Lily whirled around, looking for a possible weapon. She had seen Briar Slocomb passing day after day over the years, but he had never stopped or even lifted a hand in greeting.
“Be still.” Her pin’s angel spoke in her ear. “He’s done nothing to make you afraid.” Ena’s voice surprised her. It was when Ena spoke that she recalled weaving the pin into her collar each morning as she dressed.
She took a butcher knife from the table. “Don’t be childish,” Ena said. “Put the knife back. Don’t let him in. Don’t let him know your mama’s dead.” Lily began to put the knife away, but instead she dropped it into her pocket.
Tall Corn had come to Briar in a dream. He walked out of lush mountain shrubs, dressed as he had been on his deathbed. He carried the hatchet Briar wore on his belt.
“I hacked my way through trees and budding rhododendron to find you,” Tall Corn said.
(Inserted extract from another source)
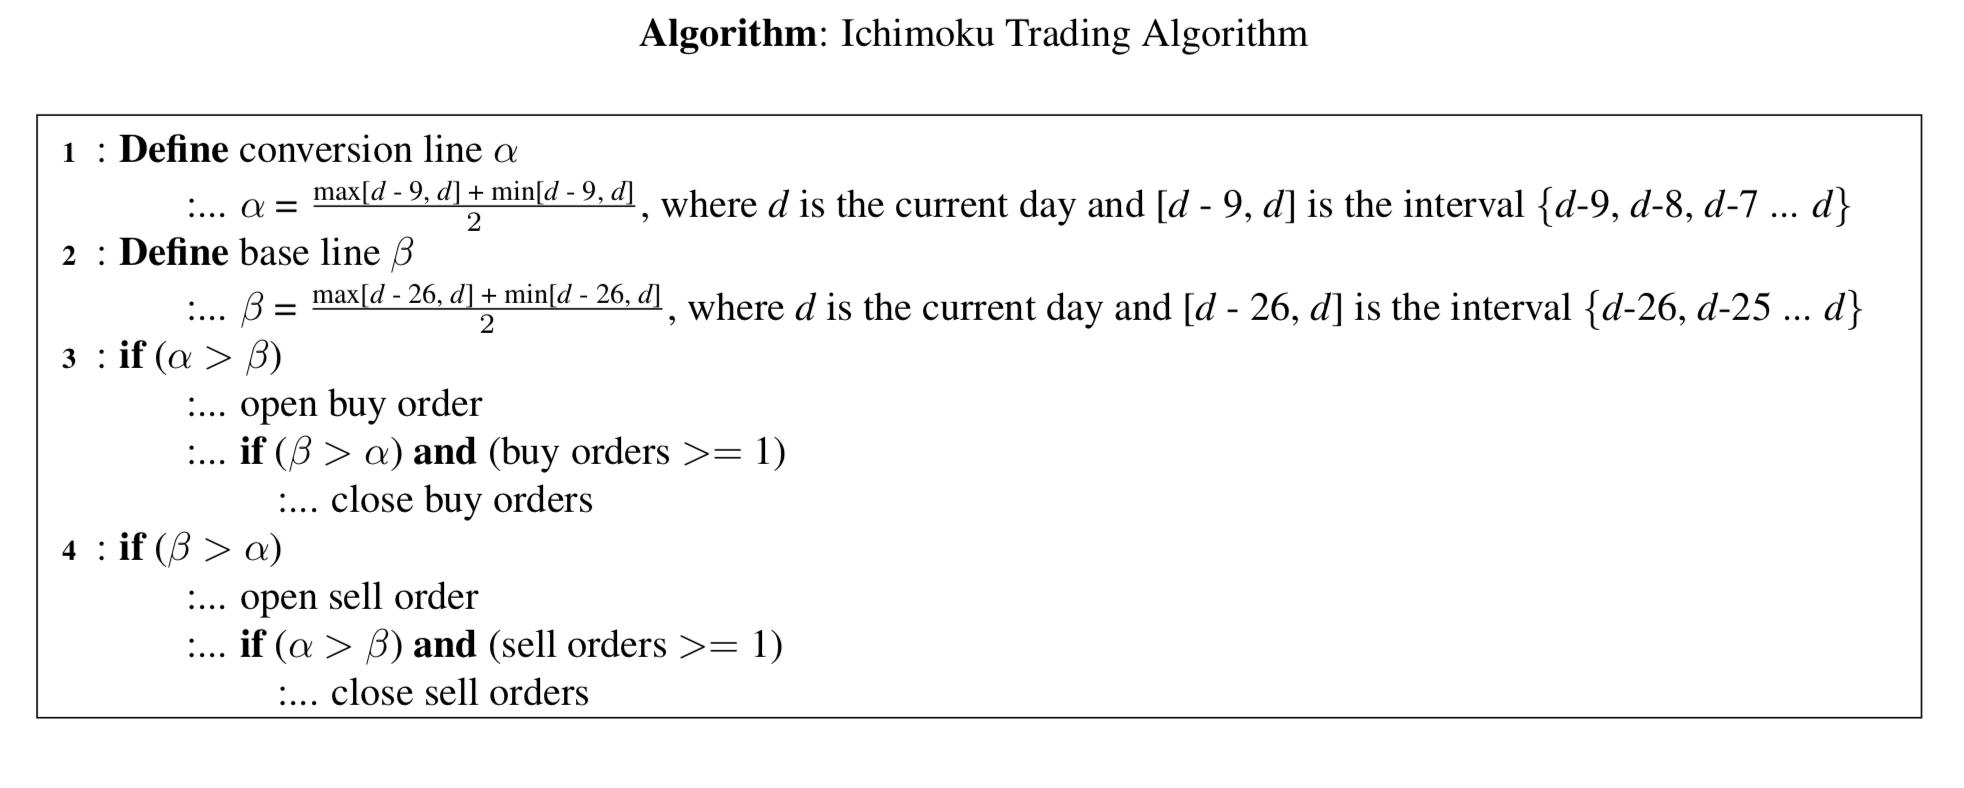 Algorithmic Trading - Ichimoku Trading Algorithm – Omar

“I’ve been right here.” Briar gawked at Tall Corn. He was scratched and bleeding from his journey. “It’s winter. There are no buds.”
“It’s a long, l
ong journey,” Tall Corn said.
“How did you take my hatchet?”
“What is mine is yours. What is yours is mine,” Tall Corn said. “We all are akin.”
Briar looked at his mother who sipped her coffee, her arm propped on the table. She didn’t respond.
“It is time for you to gather your harvest,” he said.
“I told you that I don’t have a harvest.”
“You do.” Tall Corn smiled. “It fell from the tree. It weathers on the ground. It lies under moldering leaves.”
“Why do you give me a puzzle?”
“You must stand for something. Make yourself known as a man.” Tall Corn rubbed the nape of his neck. “I have slashed through undergrowth to say to you that you must choose between the white man who sired you and the Cherokee who raised you.”
“What do you mean, white man?” Briar felt his brow furrow.
“Your beloved mother can tell you.” The shadow of Tall Corn walked like a phantom through the brush. A limb from Old Oak popped and fell to the ground. Though Old Oak was at the top of the rise, Briar heard the break. In the distance, Tall Corn leapt upon a muscular black bear. The two glowed with stardust as they soared across an ebony sky.
At dawn when Briar awoke, he opened the door to his mother’s church without knocking and sat down at her table.
That afternoon, Briar arrived at Boone Station. Speaking through the closed door, he said, “You got something of mine.”
“No, I don’t,” Lily argued.
“You do,” said Ena. He fluffed his robes from around his feet and sat down on the pin’s head.
“What?” Lily whispered. Lily had imagined Briar a dirty man, but he was Kee Granny’s son. Kee Granny had not been dirty. He would be one whose breath puffed his long hair out of his face. But that was nonsense. He kept his hair tied at the nape of his neck with a string.